_Available data_
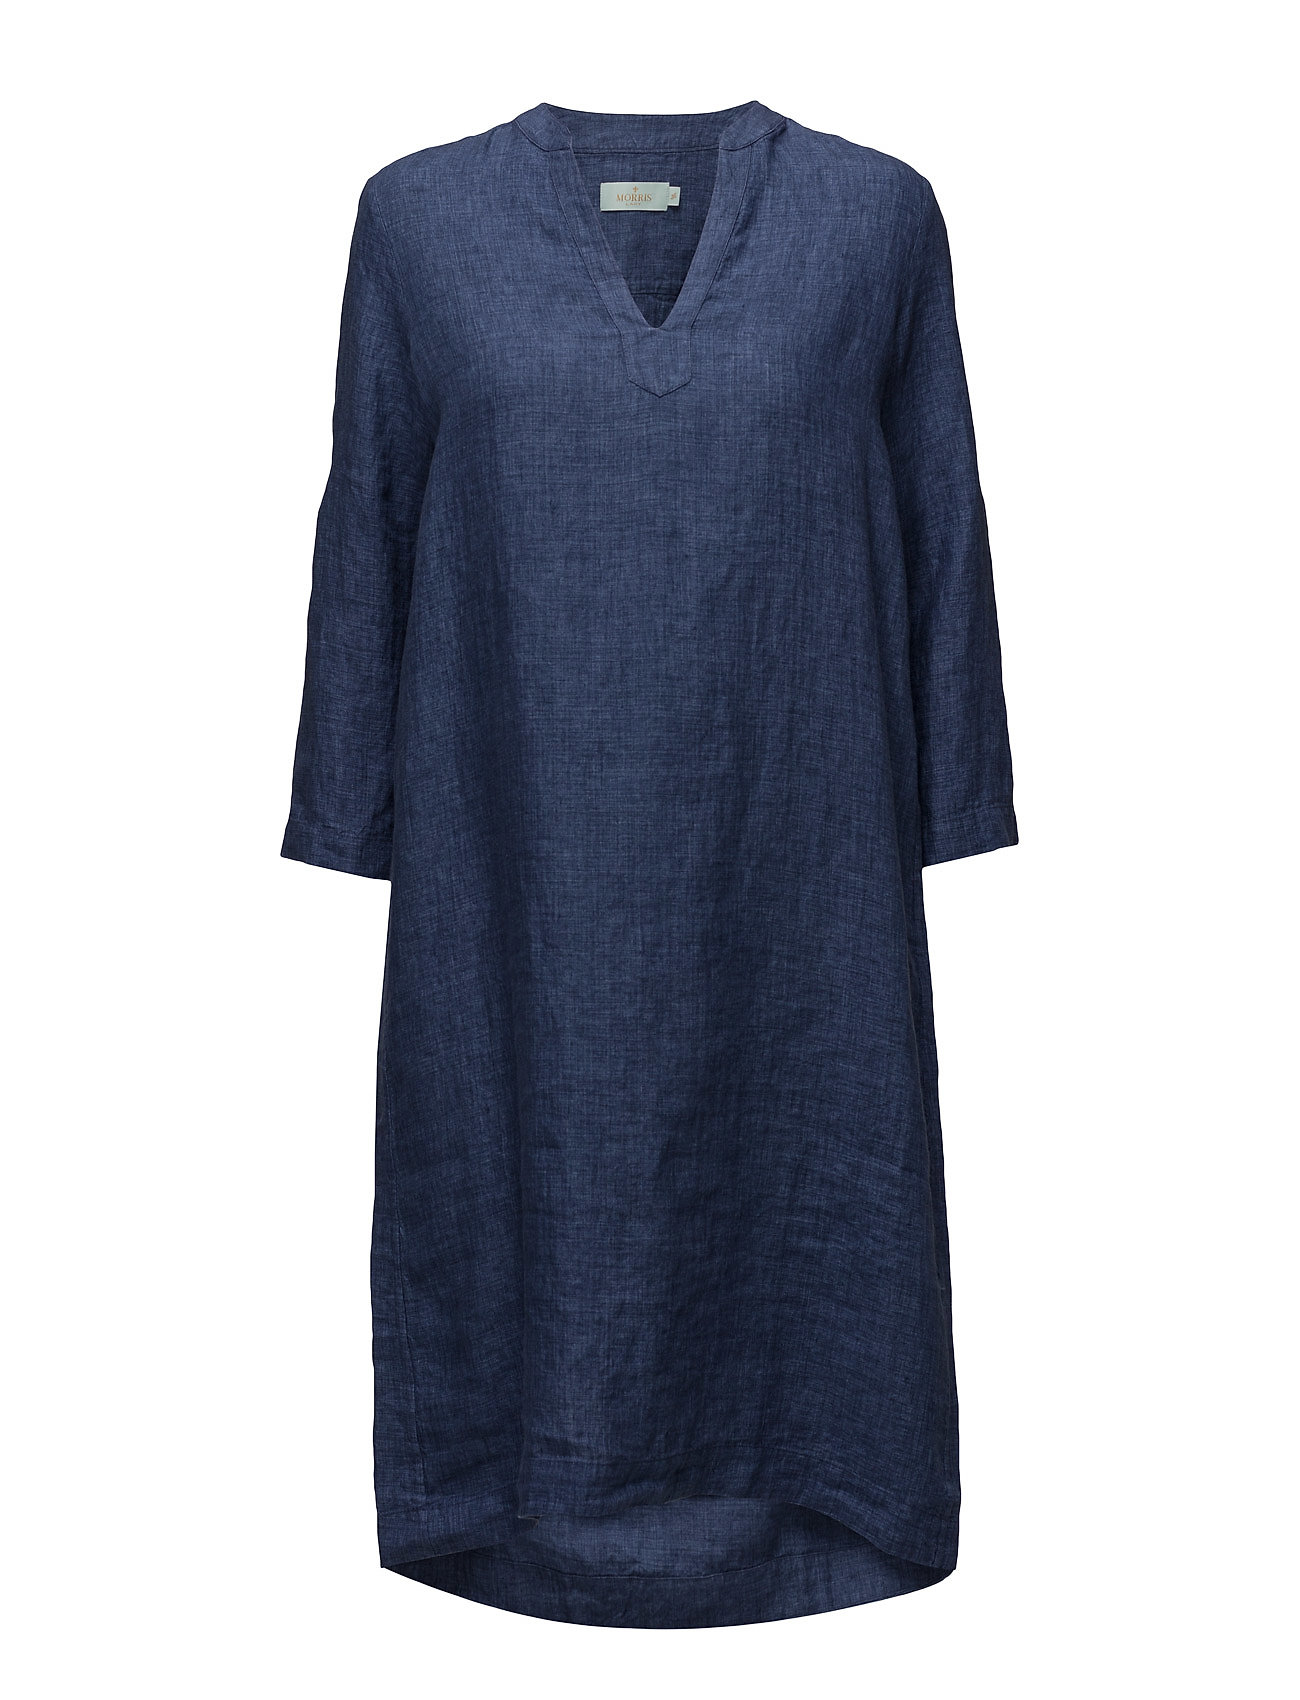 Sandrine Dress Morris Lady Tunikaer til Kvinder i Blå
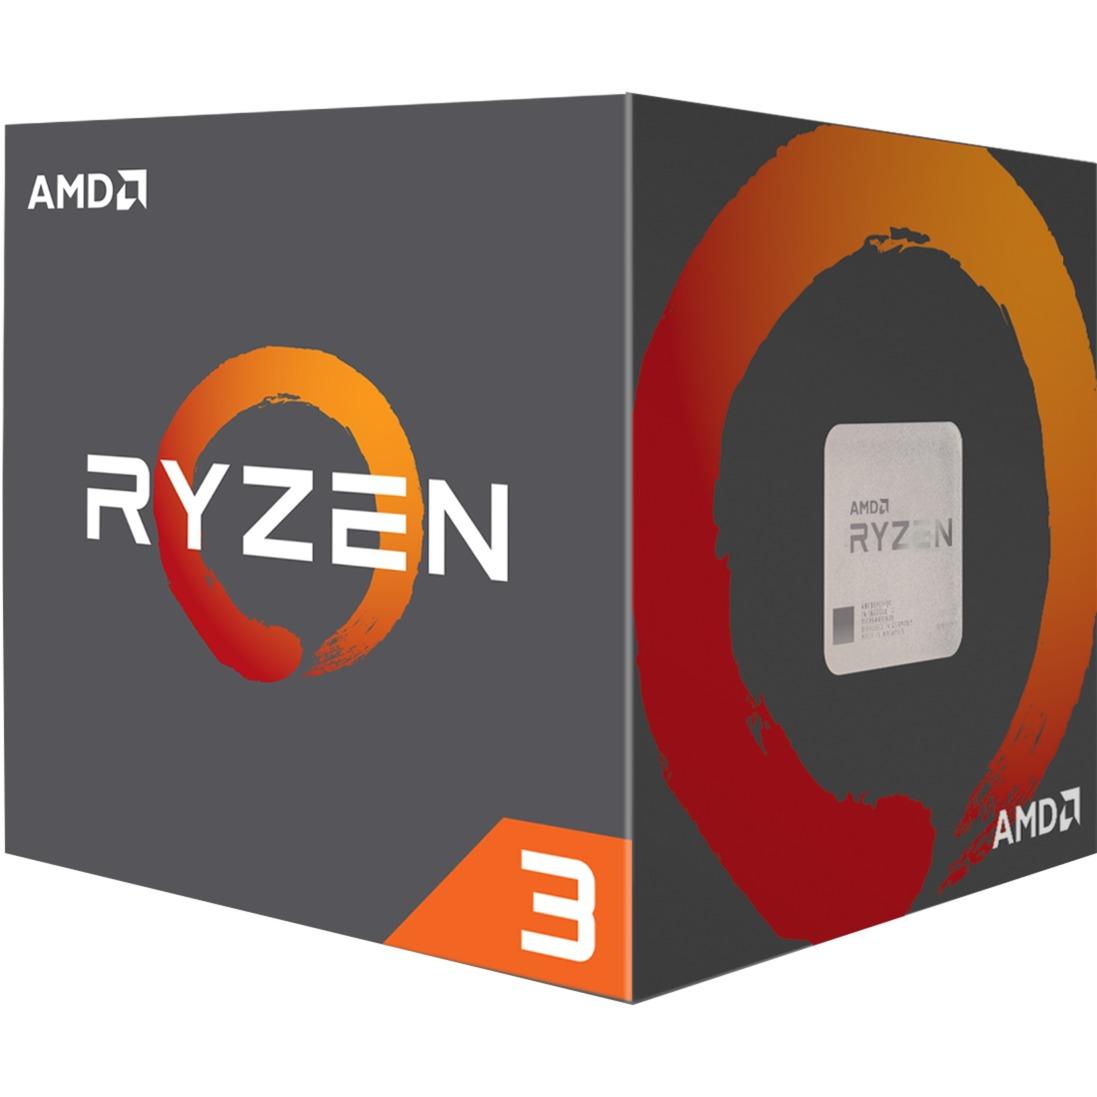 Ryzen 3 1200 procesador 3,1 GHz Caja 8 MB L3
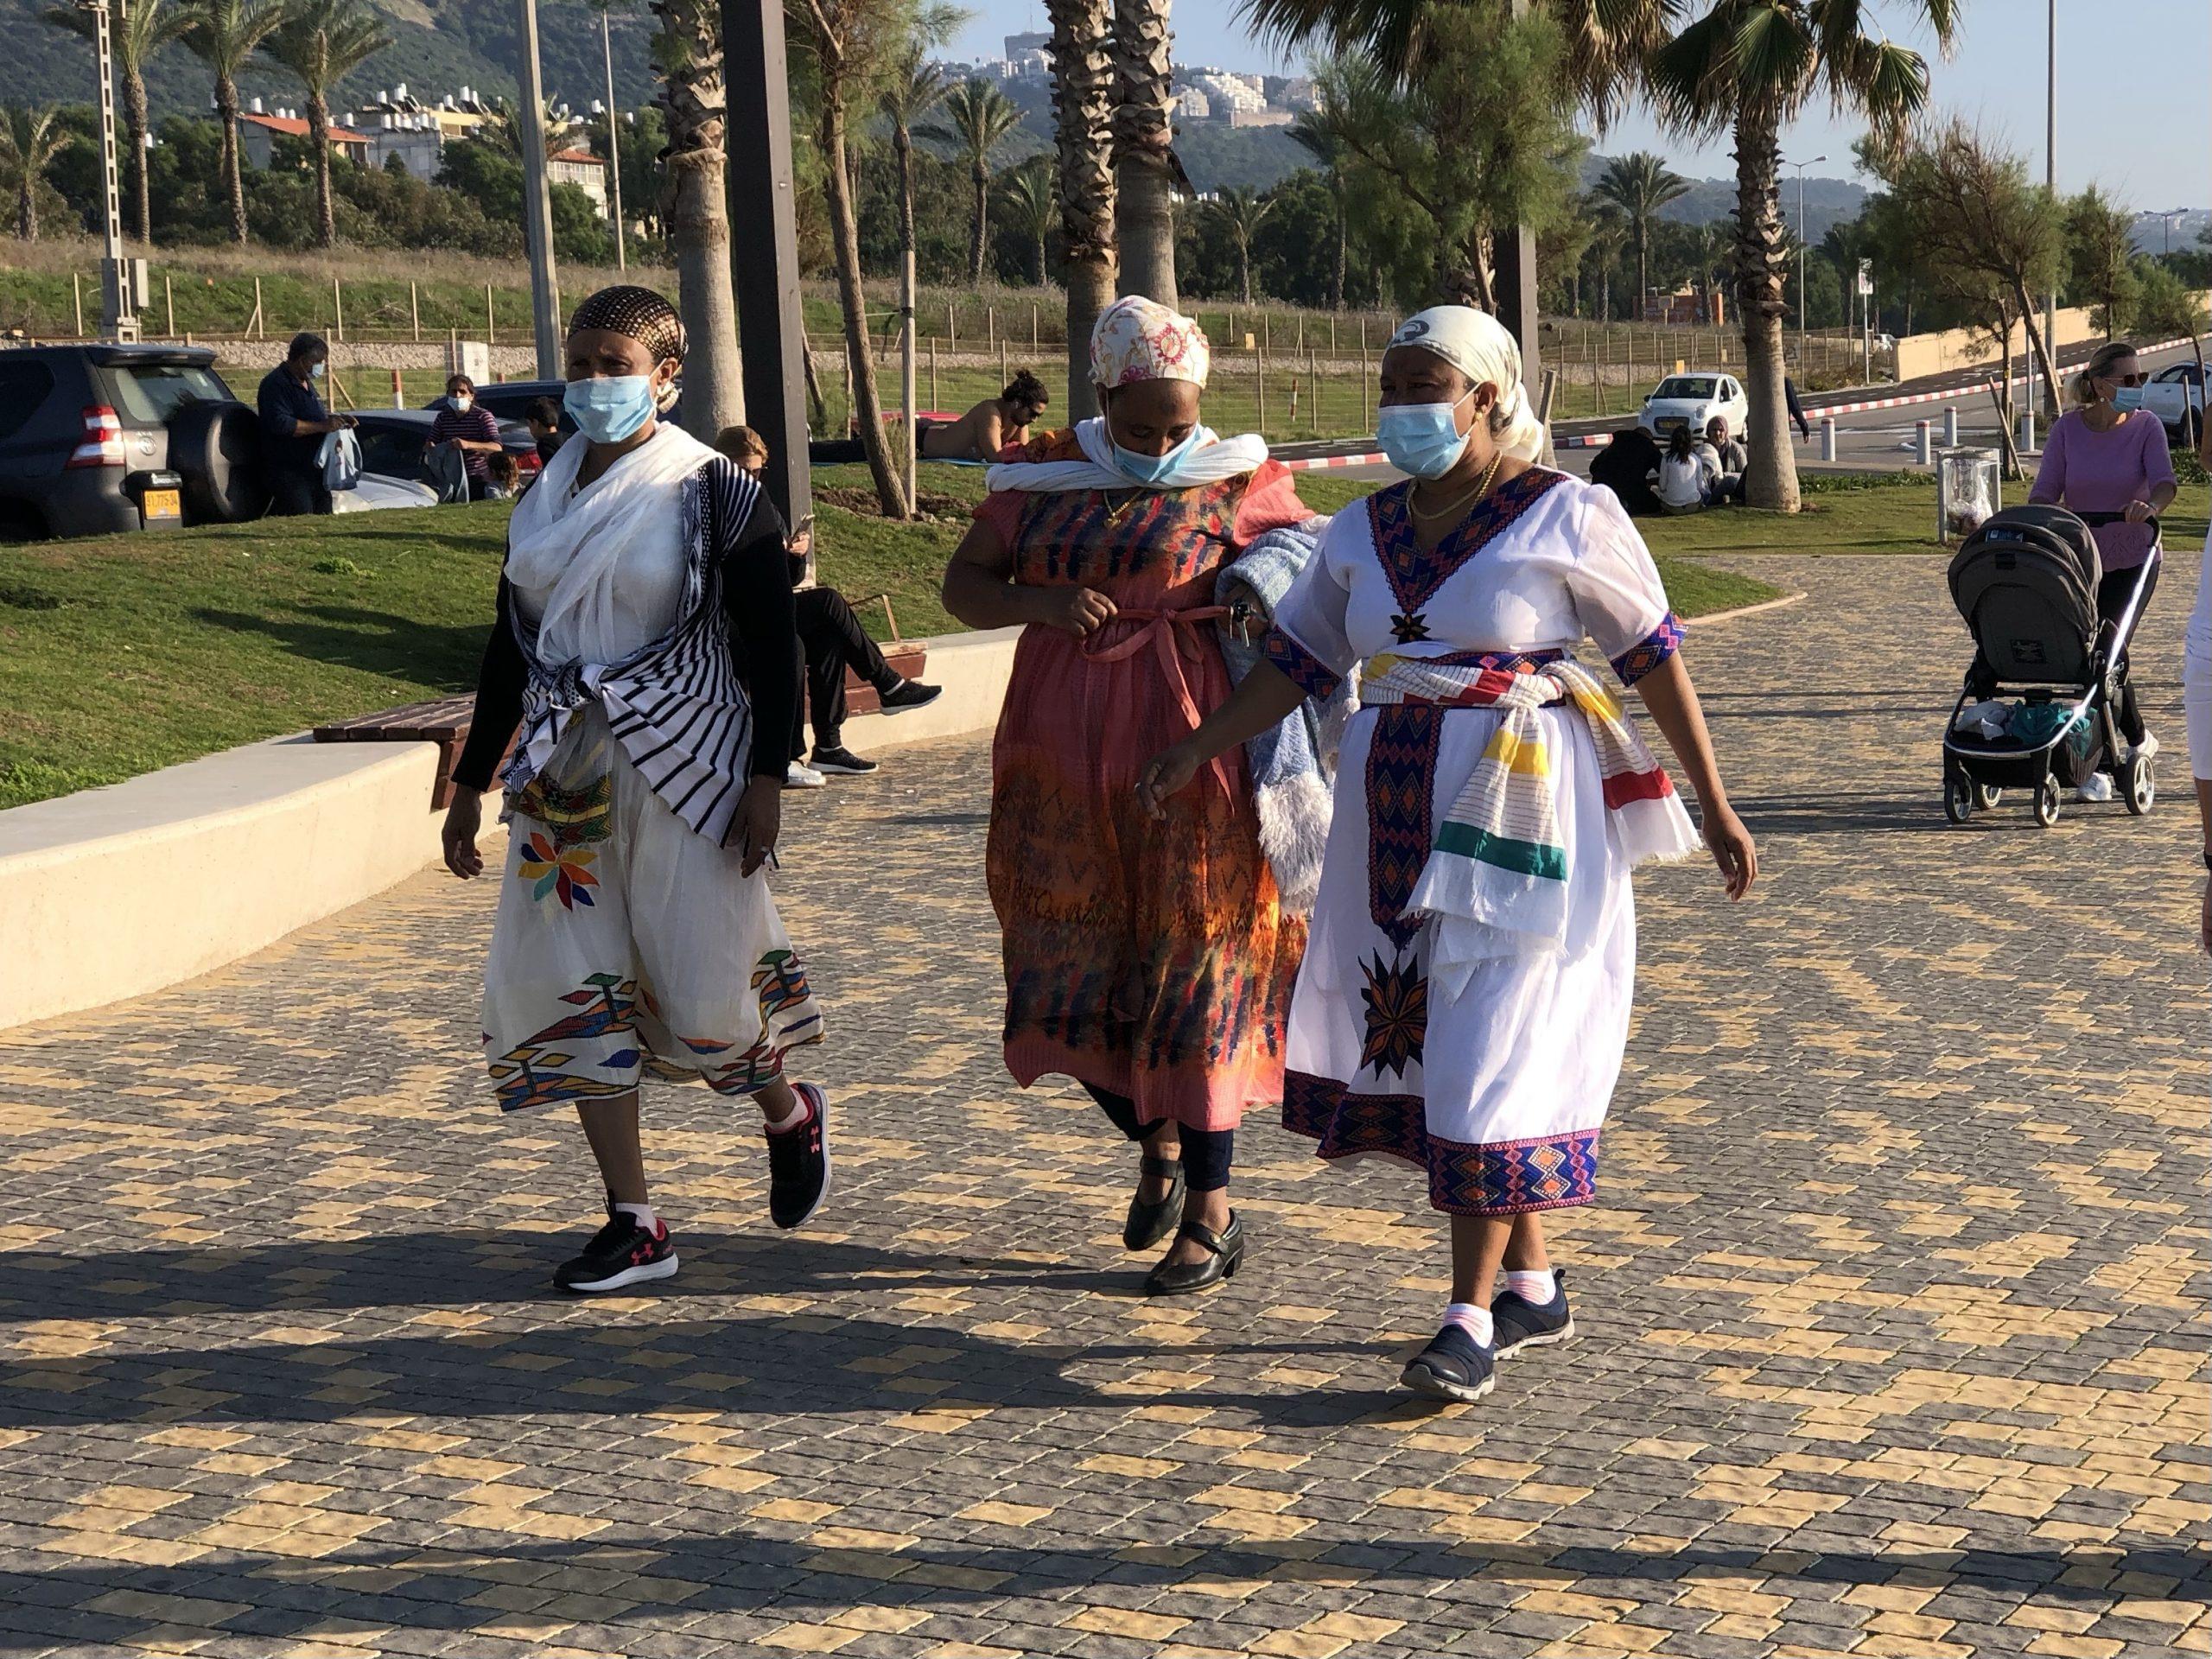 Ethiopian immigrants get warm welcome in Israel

_Problem details_
Where the line with "Ryzen 3 1200 procesador 3,1 GHz Caja 8 MB L3" appears, begin there and transcribe exactly through the last line of the data, leaving all pictures aside.

_Solution to this problem_
 Ryzen 3 1200 procesador 3,1 GHz Caja 8 MB L3
 Ethiopian immigrants get warm welcome in Israel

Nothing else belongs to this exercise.